坚持Spark Streaming输出 [英] Persisting Spark Streaming output

查看:200
本文介绍了坚持Spark Streaming输出的处理方法,对大家解决问题具有一定的参考价值,需要的朋友们下面随着小编来一起学习吧!

问题描述

我正在收集来自消息应用程序的数据,目前我正在使用Flume,它每天发送大约5000万条记录



我希望使用Kafka,
使用Spark Streaming
从Kafka消费,并将其持久化到hadoop并与impala一起查询



我遇到了每种方法的问题..
$ b

方法1 - 将rdd保存为parquet,将外部配置单元parquet表指向parquet目录

  // scala 
val ssc = new StreamingContext(sparkConf,Seconds(bucketsize.toInt))
val lines = KafkaUtils.createStream(ssc,zkQuorum,group,topicMap) .map(_._ 2)
lines.foreachRDD(rdd => {

// 1 - 从rdd创建SchemaRDD对象并指定模式
val SchemaRDD1 = sqlContext.jsonRDD(rdd,schema)

- 将其注册为spark sql表
SchemaRDD1.registerTempTable(sparktable)

// 3 - qry可以产生另一个SchemaRDD对象数据需要'finalParquet'。并将其作为parquet文件持久化
finalParquet = sqlContext.sql(sql)
finalParquet.saveAsParquetFile(dir)

问题是,finalParquet。 saveAsParquetFile 输出一个巨大的数字。 Dstream从Kafka收到超过200个文件,每批处理1分钟。
输出许多文件的原因是因为计算是按照另一篇文章中的解释进行分配的 -
所提出的解决方案对我来说似乎并不理想,例如就像一个用户说的那样 - 如果你的数据非常少,那么只有一个输出文件是一个好主意。

方法2 - 使用Hivecontext。直接插入rdd数据到一个配置单元表

 #python 
sqlContext = HiveContext(sc)
ssc = StreamingContext(sc,int(batch_interval))
kvs = KafkaUtils.createStream(ssc,zkQuorum,group,{topics:1})
lines = kvs.map(lambda x:x [1])。 persist(StorageLevel.MEMORY_AND_DISK_SER)
lines.foreachRDD(sendRecord)
$ b $ def sendRecord(rdd):

sql =INSERT INTO TABLE table select * from beacon_sparktable

#1 - 将模式应用于RDD,创建数据框'beaconDF'
beaconDF = sqlContext.jsonRDD(rdd,schema)

#2-寄存器DataFrame作为spark sql表。
beaconDF.registerTempTable(beacon_sparktable)

#3 - 直接从qry插入到配置单元上的spark sql表
sqlContext.sql(sql);

这可以很好地工作,它可以直接插入镶木地板表中,时间超过批处理间隔时间。
消费者无法跟上正在生产的产品数量,并且要处理的批次开始排队。

它似乎写入配置单元的速度很慢。我尝试调整批量intervla大小,运行更多的消费者实例。



总结



什么是最佳方式坚持从Spark Streaming获取大数据,因为多个文件存在问题,写入配置单元可能存在延迟问题?
其他人在做什么?



在这里也有类似的问题,但是他在目录中存在一个问题,因为太多的文件包含
如何让Spark Streaming编写它的输出以便Impala可以读取它?

很多感谢您的帮助

解决方案

在解决方案#2中,创建的文件数量可以通过每个RDD的分区数来控制。



查看此示例:
$ b $

  //创建一个Hive表(假设它已经存在)
sqlContext.sql(CREATE TABLE test id int,txt string)STORED AS PARQUET)

//创建一个包含2条记录和1个分区的RDD
val rdd = sc.parallelize(List(List(1,hello ),List(2,world)),1)

//从RDD创建数据框
val schema = StructType(Seq(
StructFie ld(id,IntegerType,nullable = false),
StructField(txt,StringType,nullable = false)
))
val df = sqlContext.createDataFrame(rdd.map Row(_:_ *)),schema)

//创建一个文件,因为RDD有1个分区
df.write.mode(append)。saveAsTable( test)

现在,我猜你可以使用从Kafka提取数据的频率,以及每个RDD的分区数量(默认情况下,您的Kafka主题的分区,您可以通过重新分区来减少分区)。

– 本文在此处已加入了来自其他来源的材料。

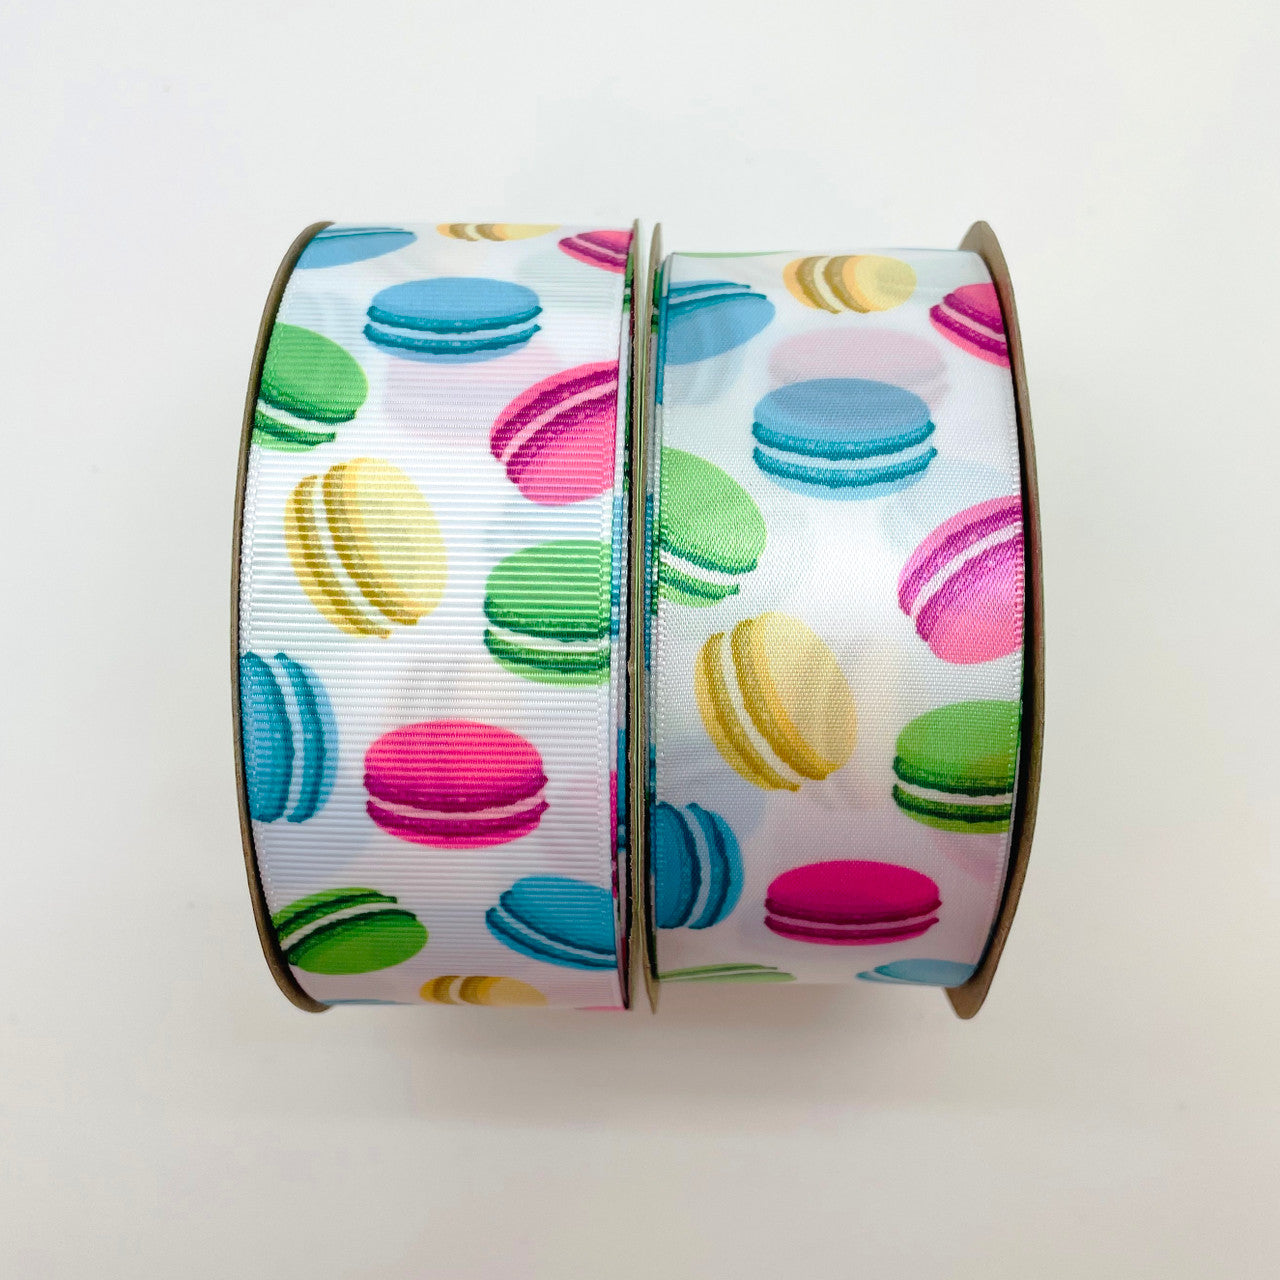 Our fun macaroon ribbon is printed on 1.5" grosgrain and satin for all your crafting needs!
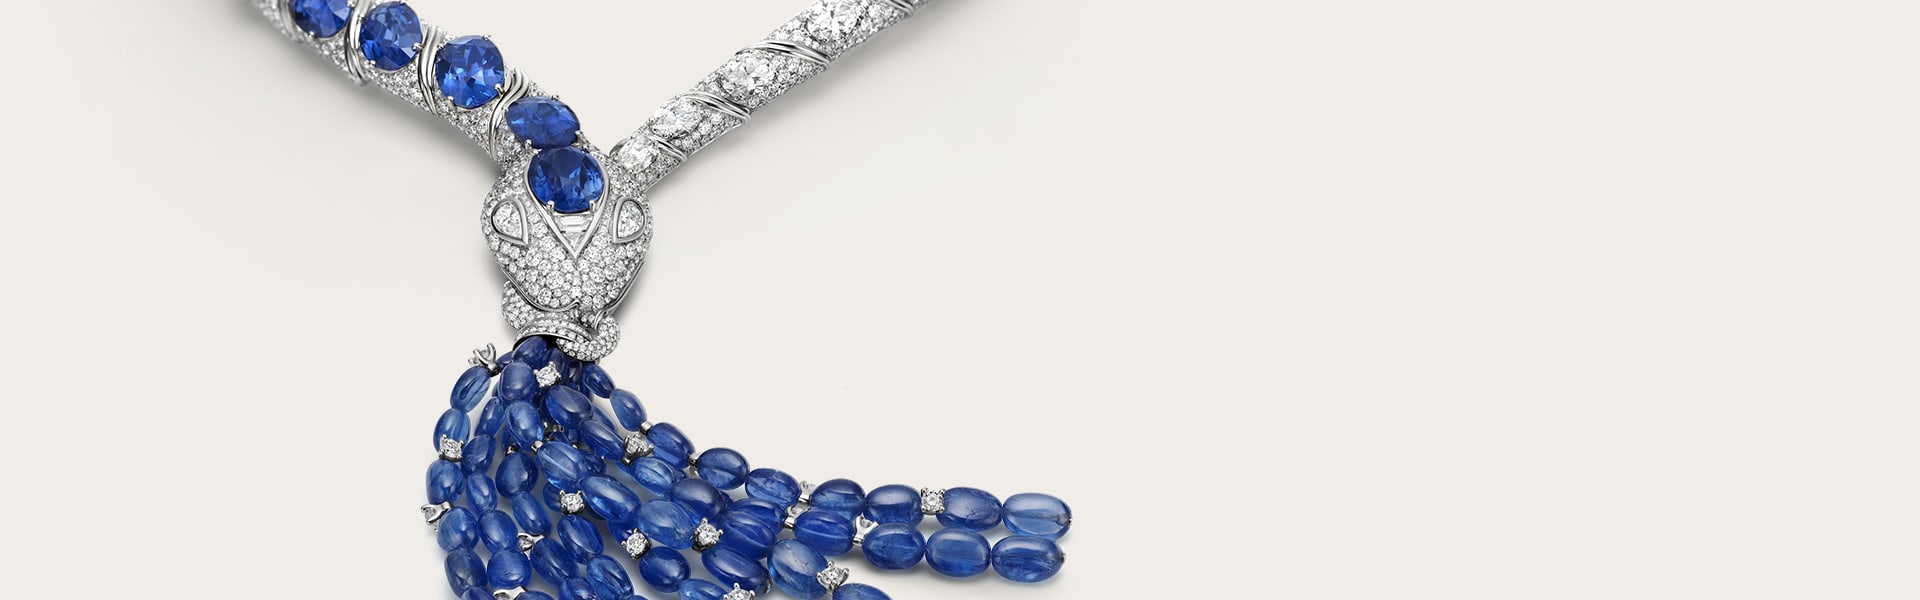 Mediterranean Sapphire Mediterranea High Jewelry white gold necklace with sapphires and diamonds, close-up.

我使用Spark 1.5 CDH 5.5.1,并且使用 df.write.mode(append)。saveAsTable(test)或您的SQL字符串得到相同的结果。 p>

I'm Collecting the data from a messaging app, i'm currently using Flume, it sends approx 50 Million records per day

I wish to use Kafka, consume from Kafka using Spark Streaming and persist it to hadoop and query with impala

I'm having issues with each approach I've tried..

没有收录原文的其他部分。